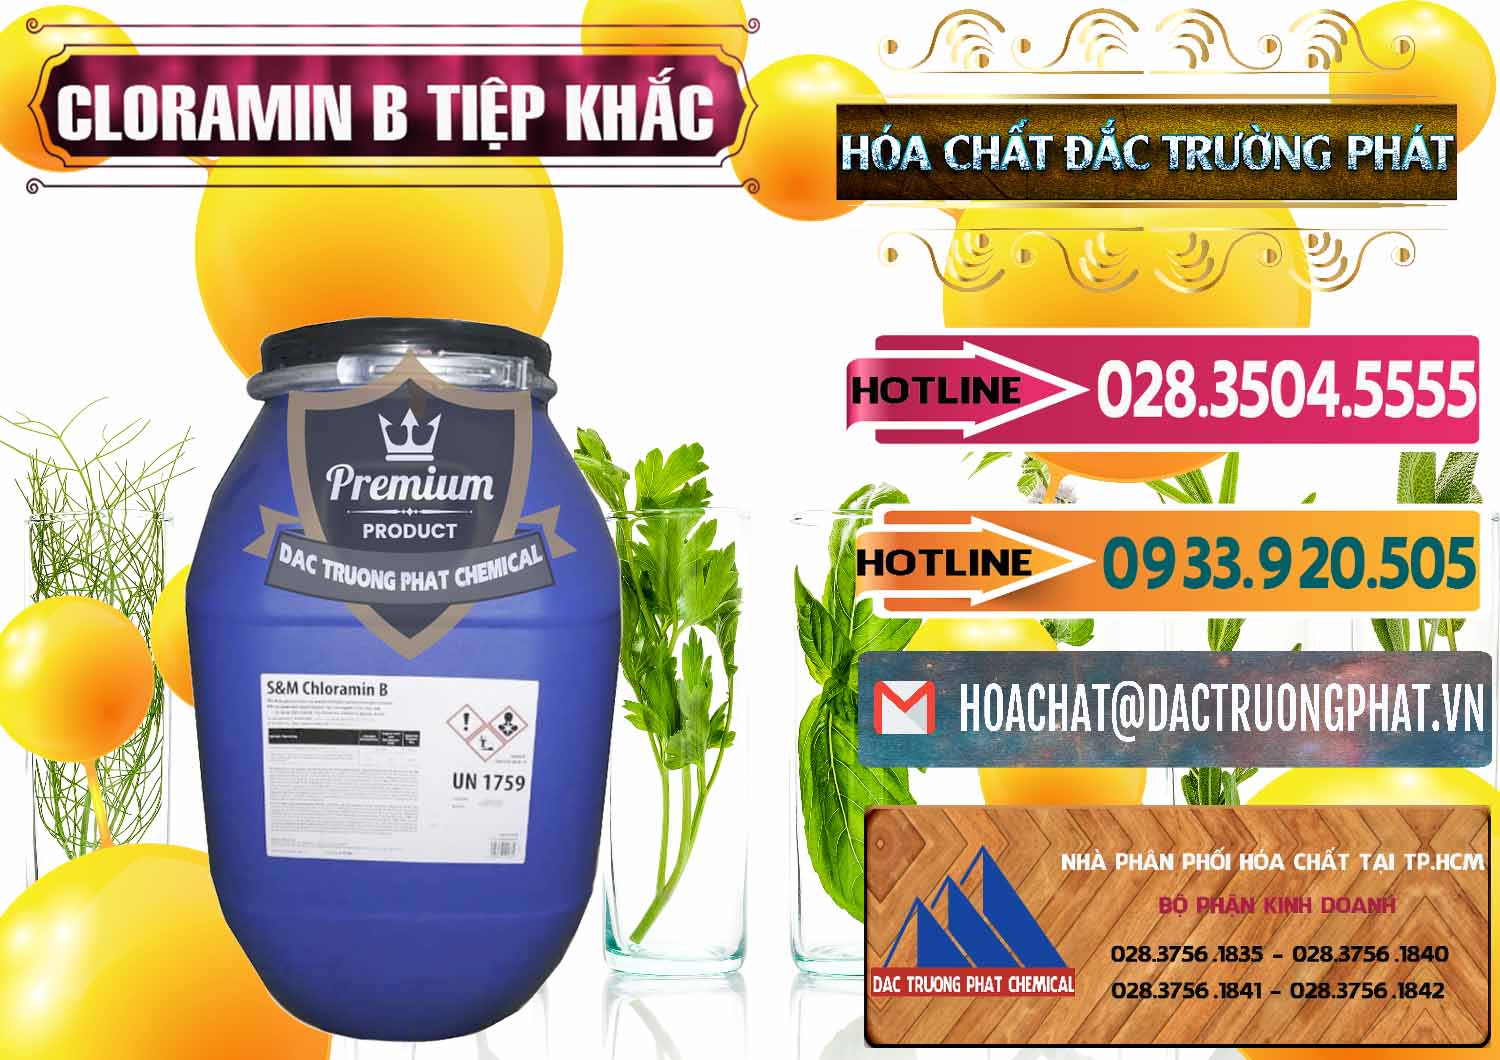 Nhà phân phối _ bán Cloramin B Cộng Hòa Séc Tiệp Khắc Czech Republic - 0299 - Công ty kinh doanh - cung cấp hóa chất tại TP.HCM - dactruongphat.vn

---+---

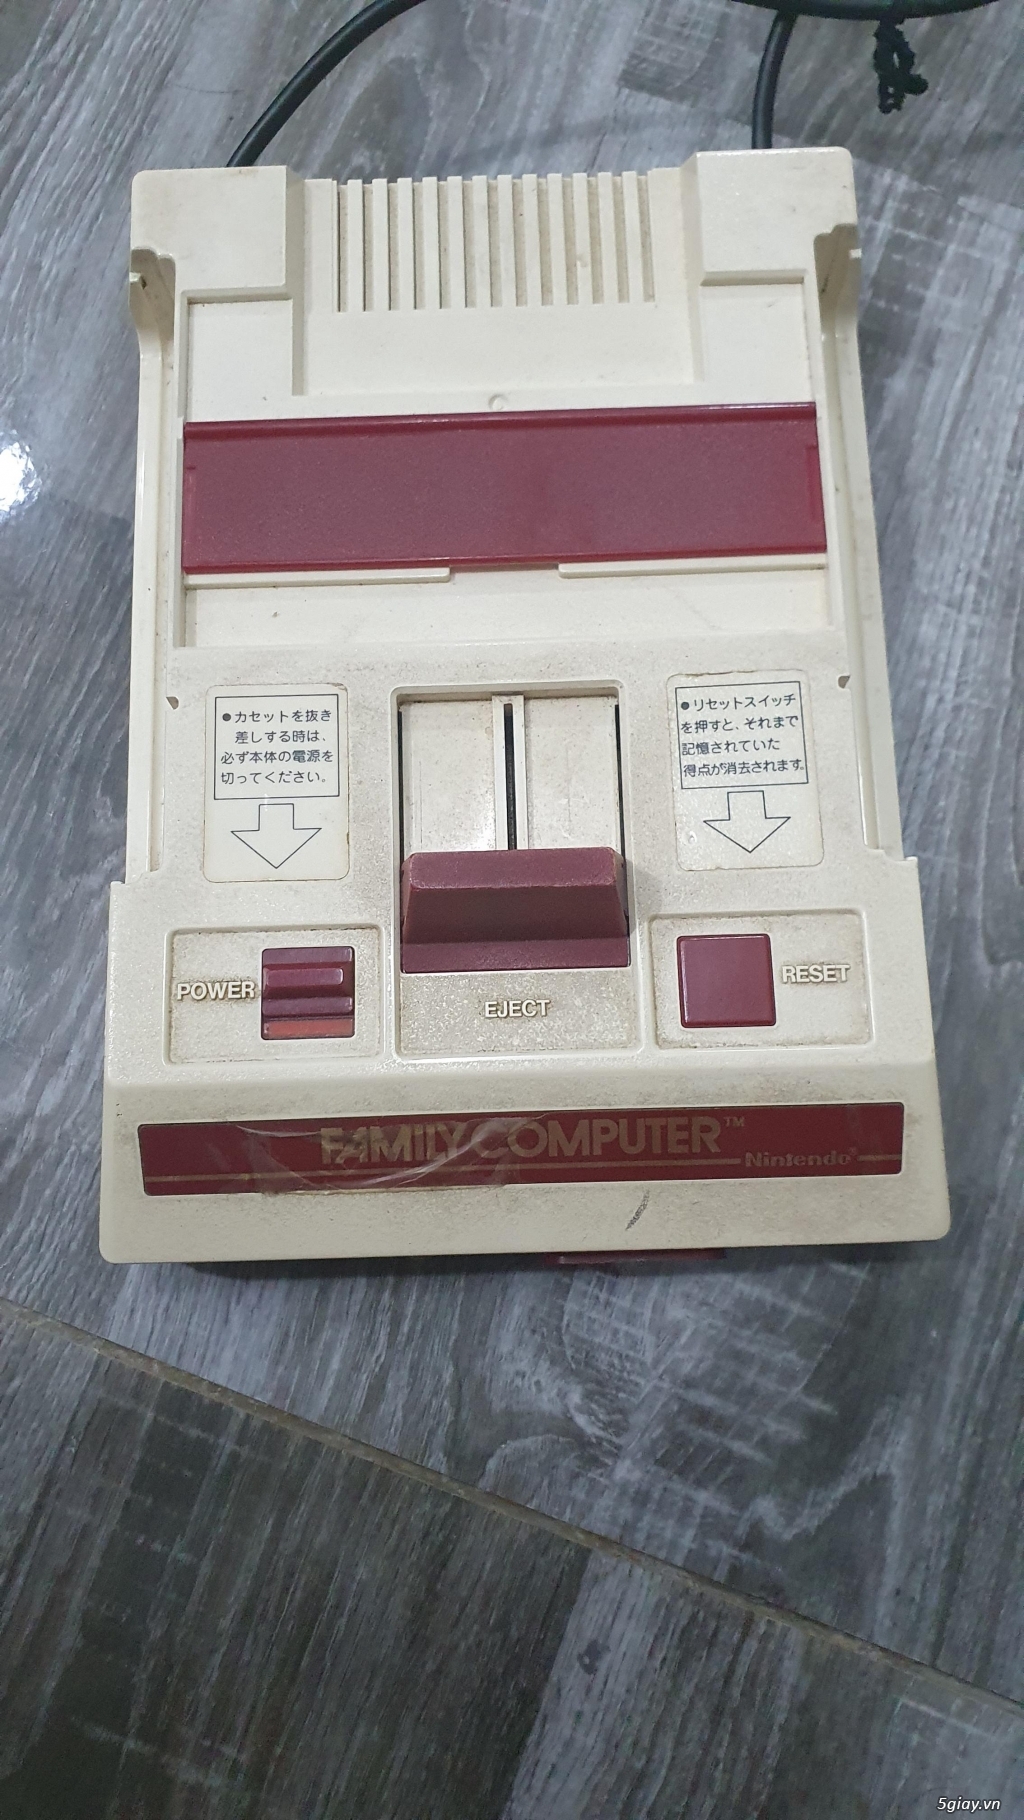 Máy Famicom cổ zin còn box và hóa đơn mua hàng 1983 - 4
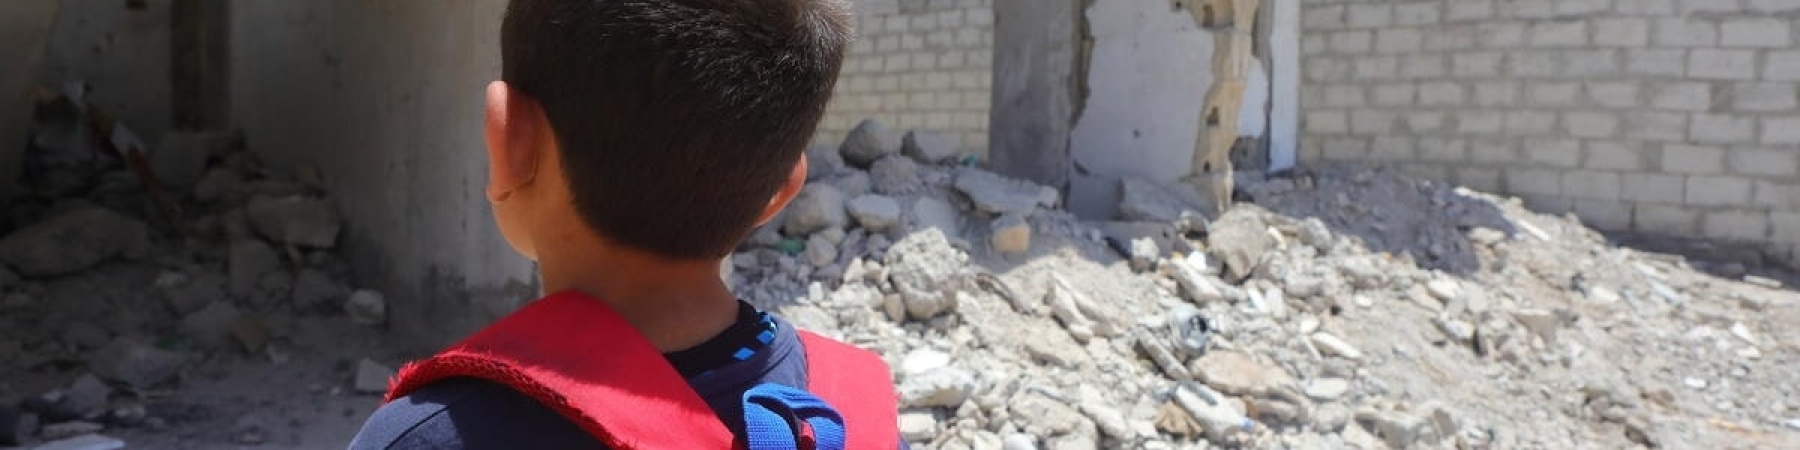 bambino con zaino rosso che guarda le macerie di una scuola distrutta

---+---

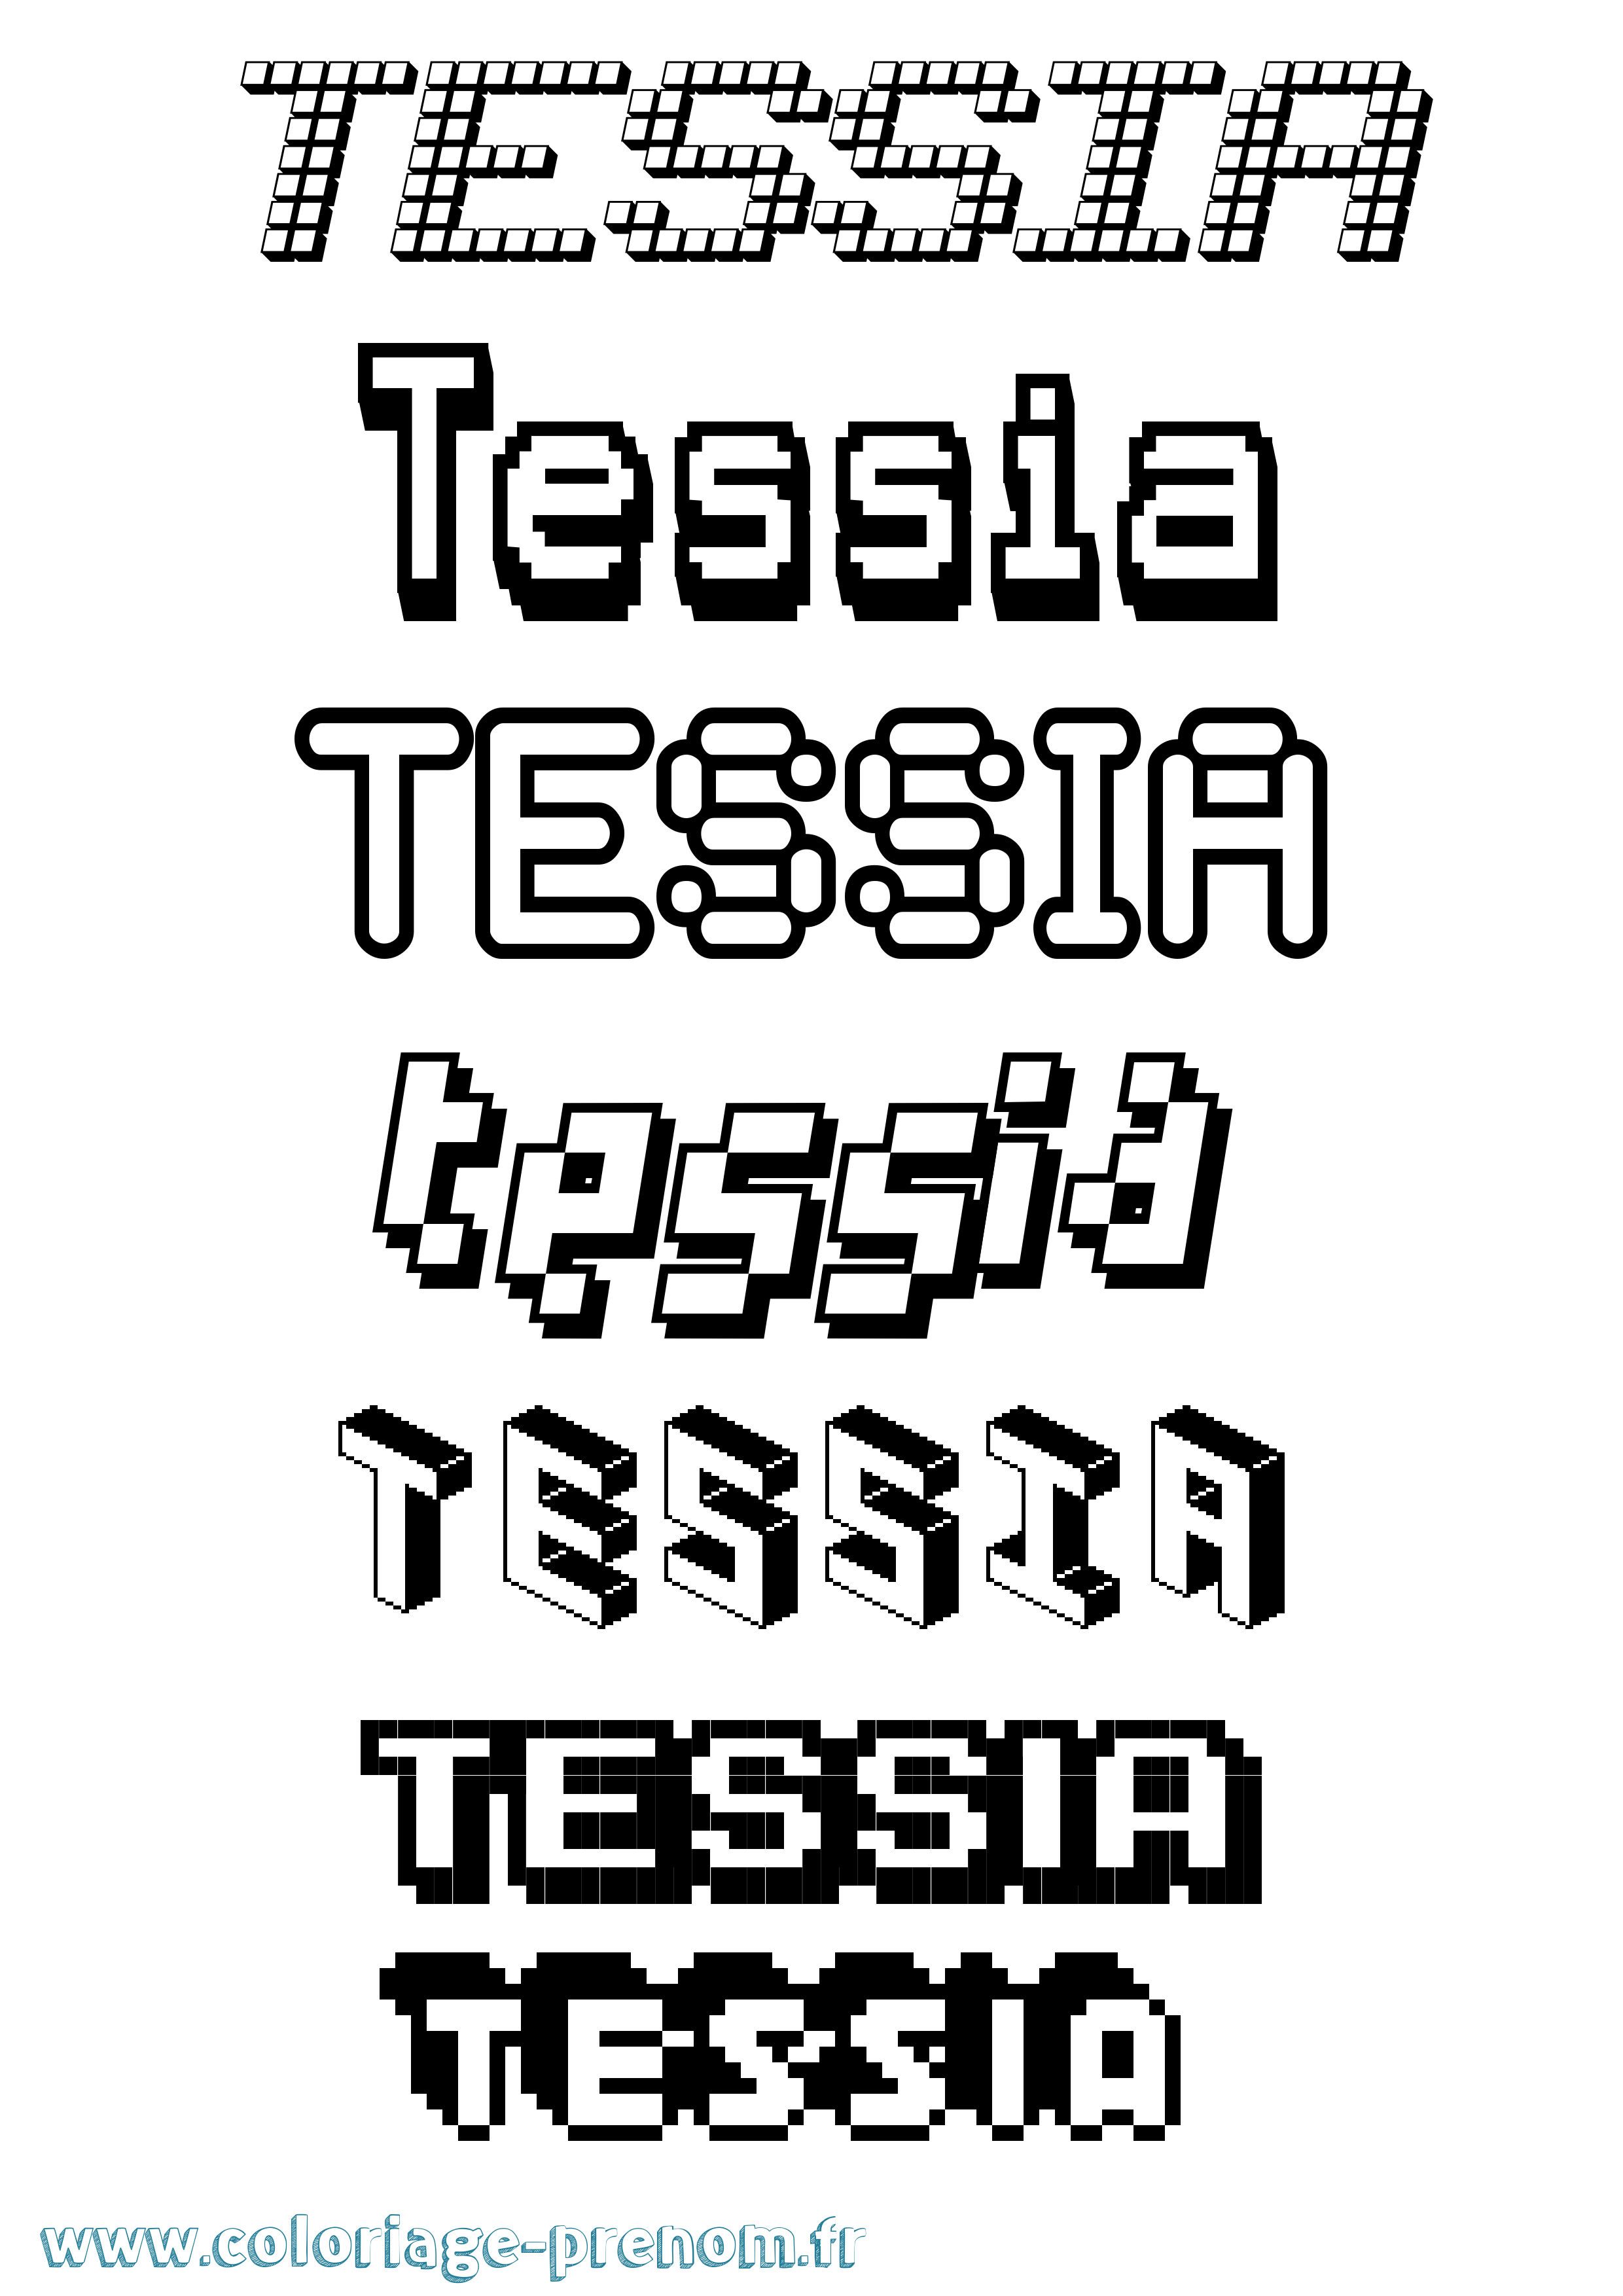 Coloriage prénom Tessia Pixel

---+---

Using the data above, retype exactly and only the lines from the one containing "Máy Famicom cổ" up to and including the one containing "bambino con zaino", with no pictures carried over.

 Máy Famicom cổ zin còn box và hóa đơn mua hàng 1983 - 4
 bambino con zaino rosso che guarda le macerie di una scuola distrutta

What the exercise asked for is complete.